In an apparent effort to win over more users for its online-storage service, Microsoft said that OneDrive for Business customers would now get a full terabyte of storage for their documents, up from 25 gigabytes.
But it’s the way Microsoft announced the news that is turning into the real story. John Case, the Microsoft executive whose byline is on the post, used the headline “Thinking outside the box.”
Subtle, Microsoft. Real subtle. The point wasn’t lost on Box CEO Aaron Levie, who responded in kind, calling on Microsoft to open up Office to other online-storage options besides OneDrive.
Boxing Office Users In
Case alluded to both Box and Dropbox in the blog post. He described Box as a “point solution”—a typical dig in the old enterprise-software world, but one that ignores the ease of integration now possible through application programming interfaces.

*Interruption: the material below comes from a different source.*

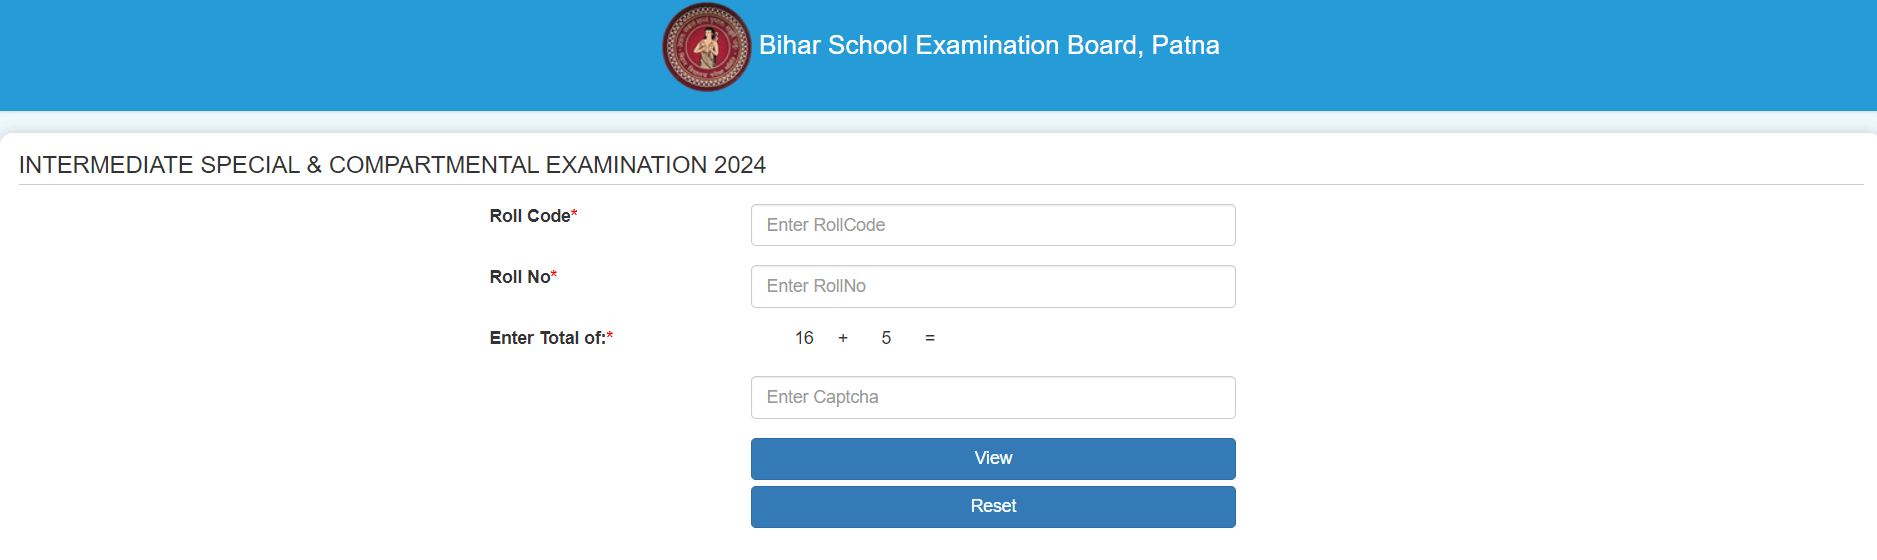 BSEB compartment exam 12th result login window 2024

The reality is that Microsoft has always been protective of its lucrative Windows and Office products, and its recent moves back this up. It launched Office for the iPad without the ability to use documents from any other cloud service besides OneDrive.
Box’s Levie wrote that he looked forward to working with Microsoft in the cloud, and called on Microsoft to allow online Office users to store documents in other services, including Box. (Users of the desktop version of Office can store documents anywhere, including Box and Dropbox.)
The odd background to this very public tiff is that Microsoft and Box have collaborated in other areas. Levie appeared last year on stage at Microsoft’s Build developer conference, which highlighted the software giant’s collaboration with smaller companies.
Old Microsoft, New Microsoft
The strategy of OneDrive lock-in feels like classic Microsoft—but not like the open, partner-embracing company that new Microsoft CEO Satya Nadella is trying to build.
Case ended his post by mentioning how the cloud is about lowering barriers between people and information, and not creating islands. As Levie pointed out, the lack of other cloud services included in Office for the iPad is exactly the kind of barrier Microsoft is sort of claiming it would like to see less of.
Furthermore, the kind of island Case describes is also evident in OneDrive. As with Office for the iPad, OneDrive users are locked into Microsoft’s cloud, and aren’t able to import documents from other cloud systems directly on mobile devices.
That’s the tension in today’s Microsoft. On the one hand, it wants to cater to all the tools and services developers prefer, and it’s made a big effort to communicate its support for non-Microsoft services and platforms. But it also wants to build a big, successful cloud-software business, which means signing up businesses and consumers as subscribers to Office and OneDrive.
We asked Microsoft for comment on whether it planned to allow other cloud providers to join in the Office for iPad fun, but a spokesperson did not immediately respond.
Feature Attraction
Levie has a point. The loser here seems to be Office users, who have to download documents from OneDrive and share them by email to work around MIcrosoft’s limitations. That’s not the kind of workflow that makes things easier for customers, Levie pointed out in his post.
For example, Microsoft took a month to add a feature that let users print Office 365 documents from its iPad app. Google has had cloud printing for a while, and Box has a couple of apps that allow printing of documents from the cloud.
Printing is just one example of a missing feature. In a cloud-first, mobile-first world—the world Microsoft’s Nadella says the company now lives in—the days when software companies had to build all their features themselves are long gone. If Microsoft had launched Office for iPad with Box integration, it could have offered customers a convenient option while it worked on its own native printing feature. Until it sheds old, bad habits, Microsoft is going to remain stuck on its own software island.